Nothing can compare the energy you get from running through the huge banner on a cool Friday night onto the football field. All the players are pumped up and ready to play; they’re jumping around and shouting like crazy. Then they make their way to the sidelines, where they experience one of the biggest buzz kills of all time: having a gigantic TV camera shoved into their face right before the opening kickoff.
Football is a sport that requires a great amount of focus and concentration, and it’s infuriating when you’re trying to discus tactics with one of the coaches or cheering on your teammates while some guy is pressing a video camera as close as he can legally get to your face without getting charged for harassment.
“They come right up into your face and distract you from the game,”said junior football player Zach Sollinger. “They should stay off the field and stand where they belong: with the cheerleaders.”
RBTV has had a fair amount of success at various competitions. In the last eight years, RBTV has won at least one 1st place trophy for a TV program at the Hometown USA Video Festival. In the 2007 festival, they won a total of seven 1st place trophies. Needless to say, we have a talented TV station.

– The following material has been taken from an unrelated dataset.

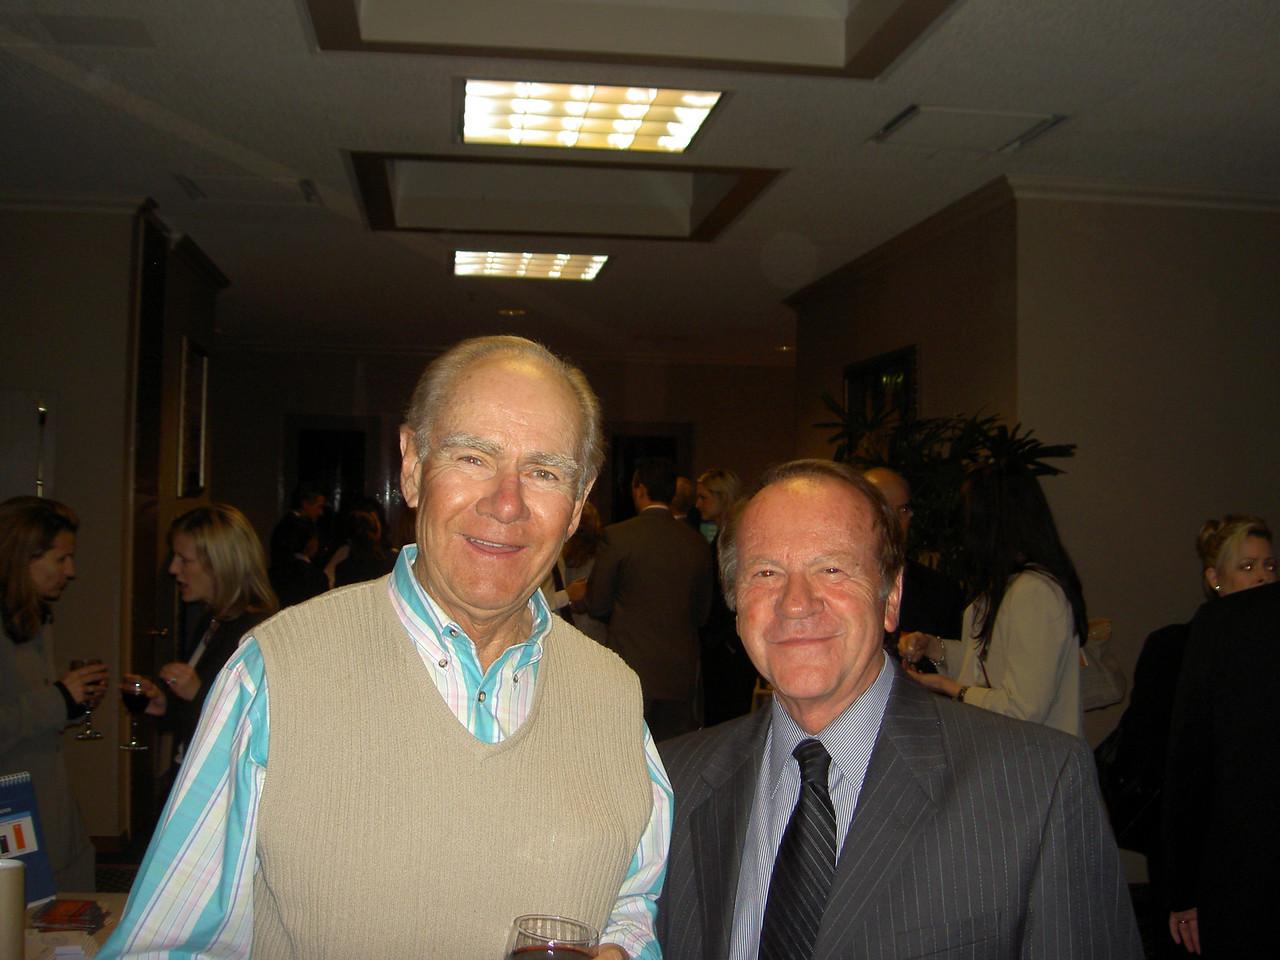 Herman Rundle & Bob Ruper

“If you’ve ever watched a college or NFL game on TV, you’ll notice that they use sideline cameras,” said TV production teacher Gary Prokes. “In order to completely cover the game, it’s necessary to have cameramen on the sidelines.”

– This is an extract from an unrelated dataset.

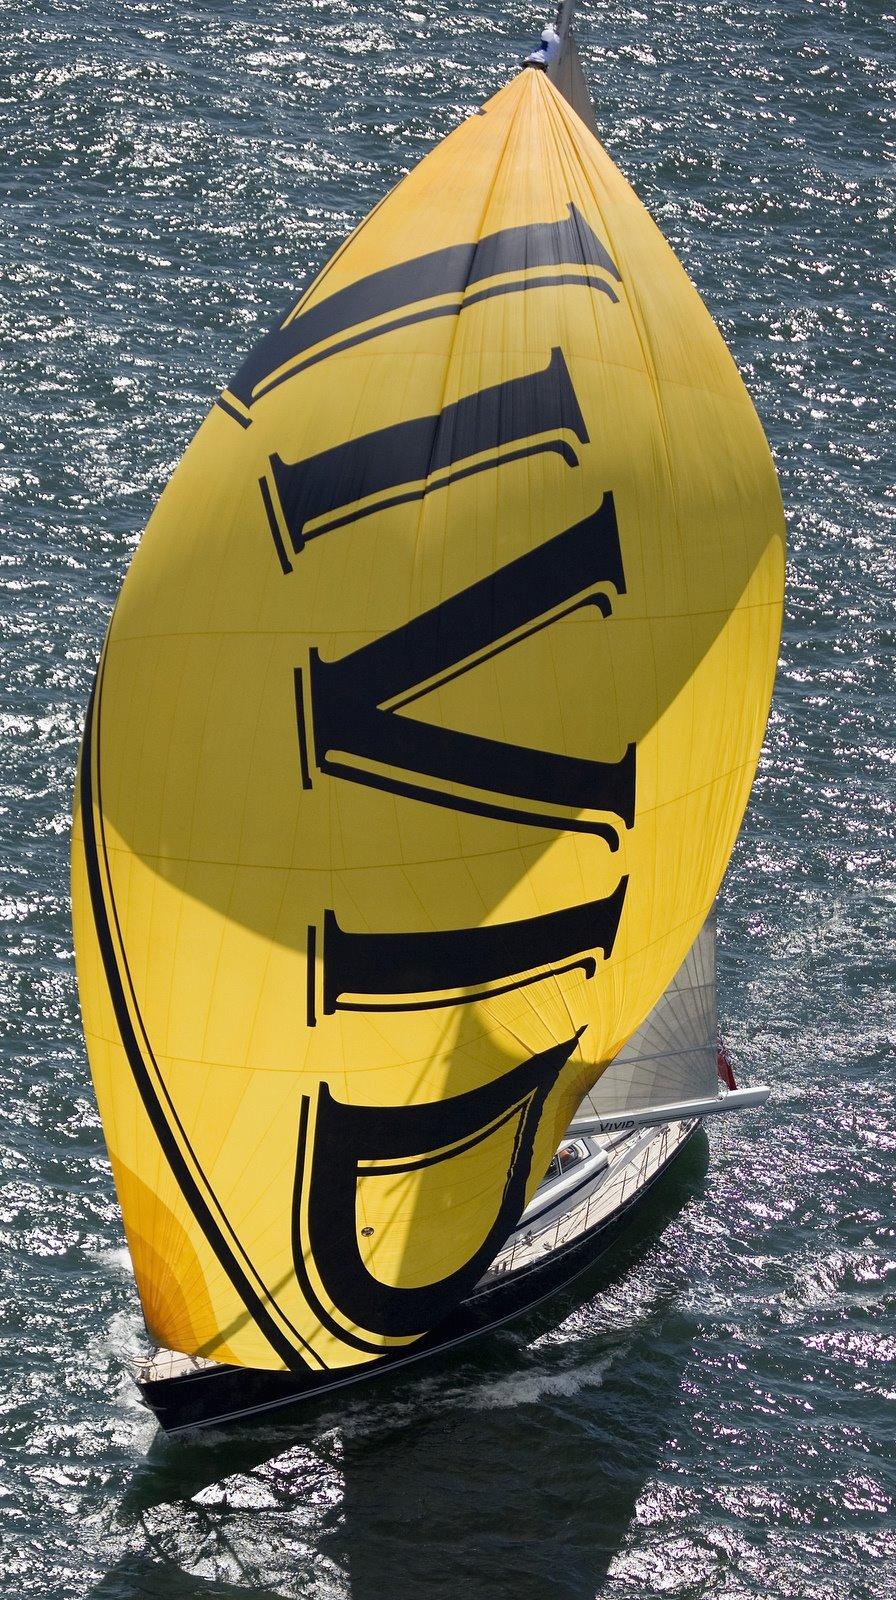 27m sailing yacht Vivid by Jongert - Courtesy of Andrea Francolini

However, I just can’t stand watching a football game when the only sound coming out of my TV is the announcers. I don’t know much about video cameras, but I do know that the cameras broadcasting the RB football games cannot pick up any sound whatsoever. You can’t hear the crowd shouting, the cheerleaders cheering. You can’t even hear the referee blow his whistle. And when I see a close up (and I mean an extreme close up) of a player on the sidelines, I see his lips moving, but there is hardly any sound.

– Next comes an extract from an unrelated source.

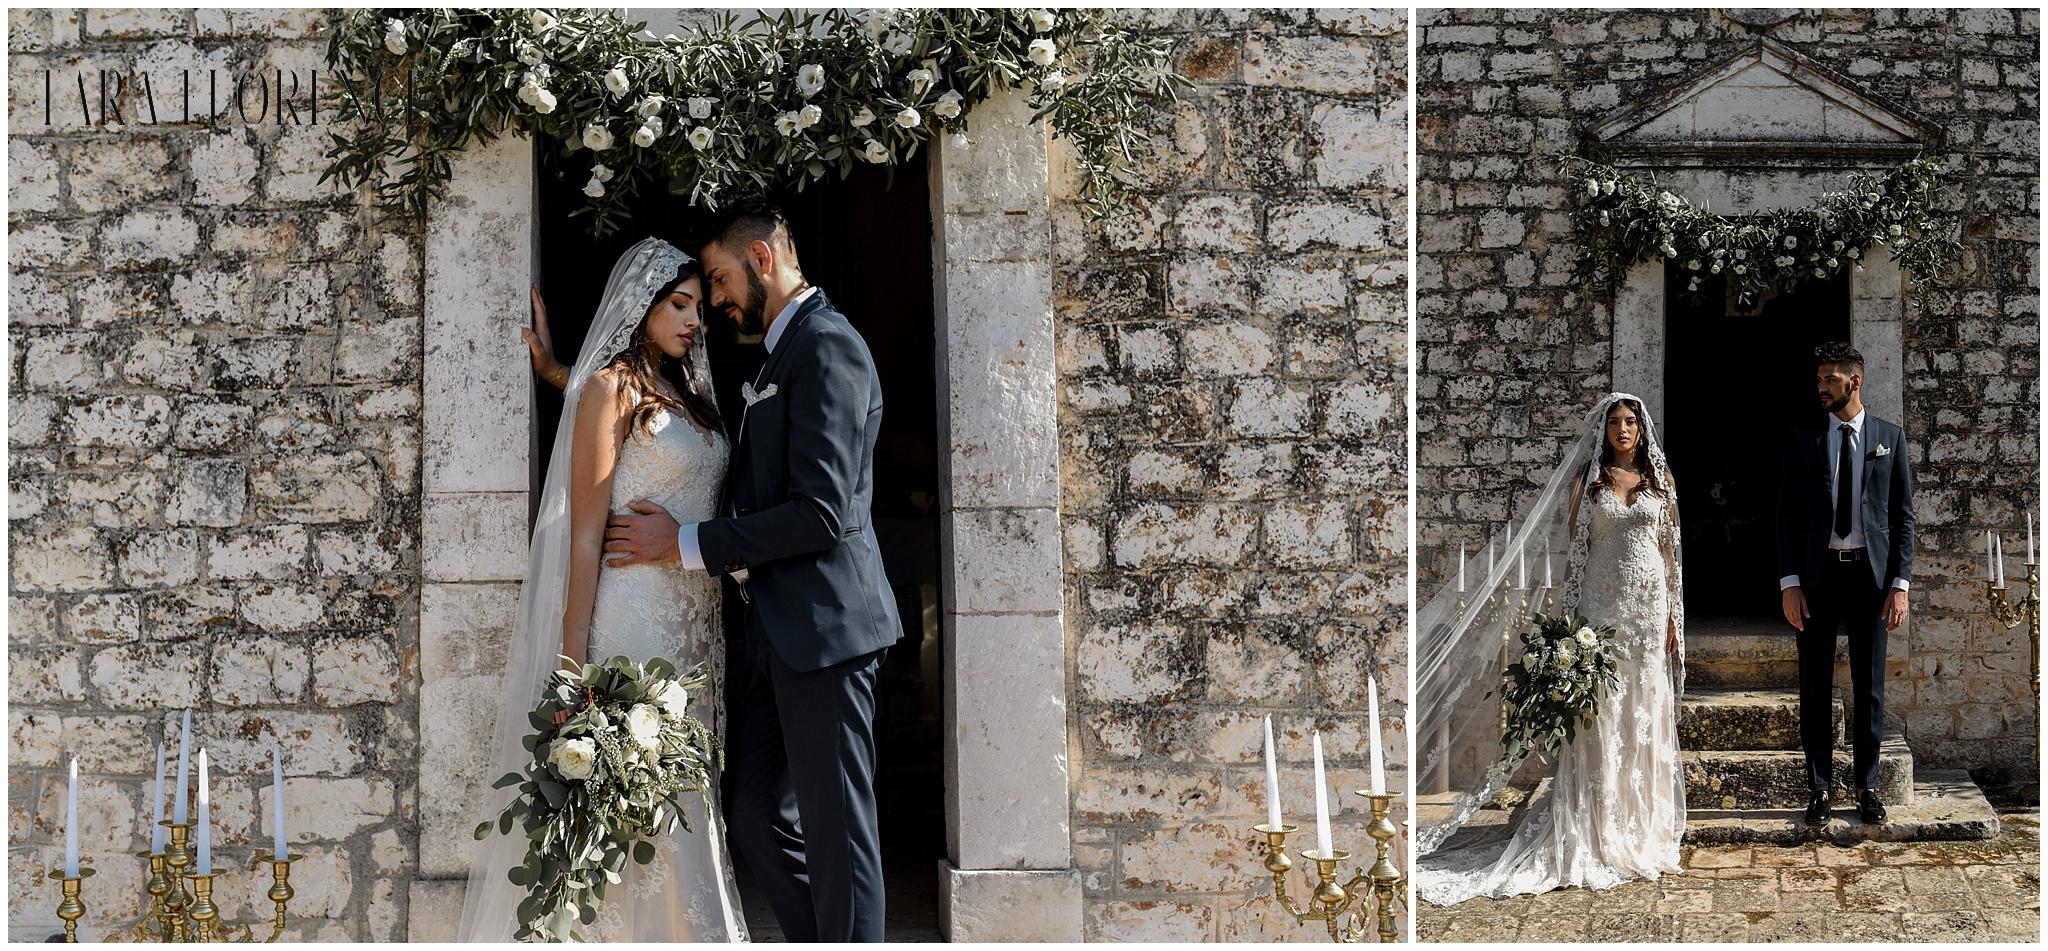 Puglia-Tara-Florence-Bridal-Editorial-142_WEB.jpg

It is reasonable for the station to want to cover the football game as well as they possibly can, but you seldom see professional cameramen doing close ups of the players to the extent that the RBTV cameramen do. It doesn’t do RBTV justice and it shatters the players’ concentration. It would be more desirable for the cameramen to stand apart from the players and take some sideline shots, but do it in a manner that won’t make the entire team feel like they’re being stalked.
It’s not like player close-ups are a vital part in successfully covering RB football games. Sideline cameras are meant to add a bit of interest for the viewer and impress the TV audience with the numerous camera views. Unfortunately, RBTV sideline cameras accomplish neither of those goals.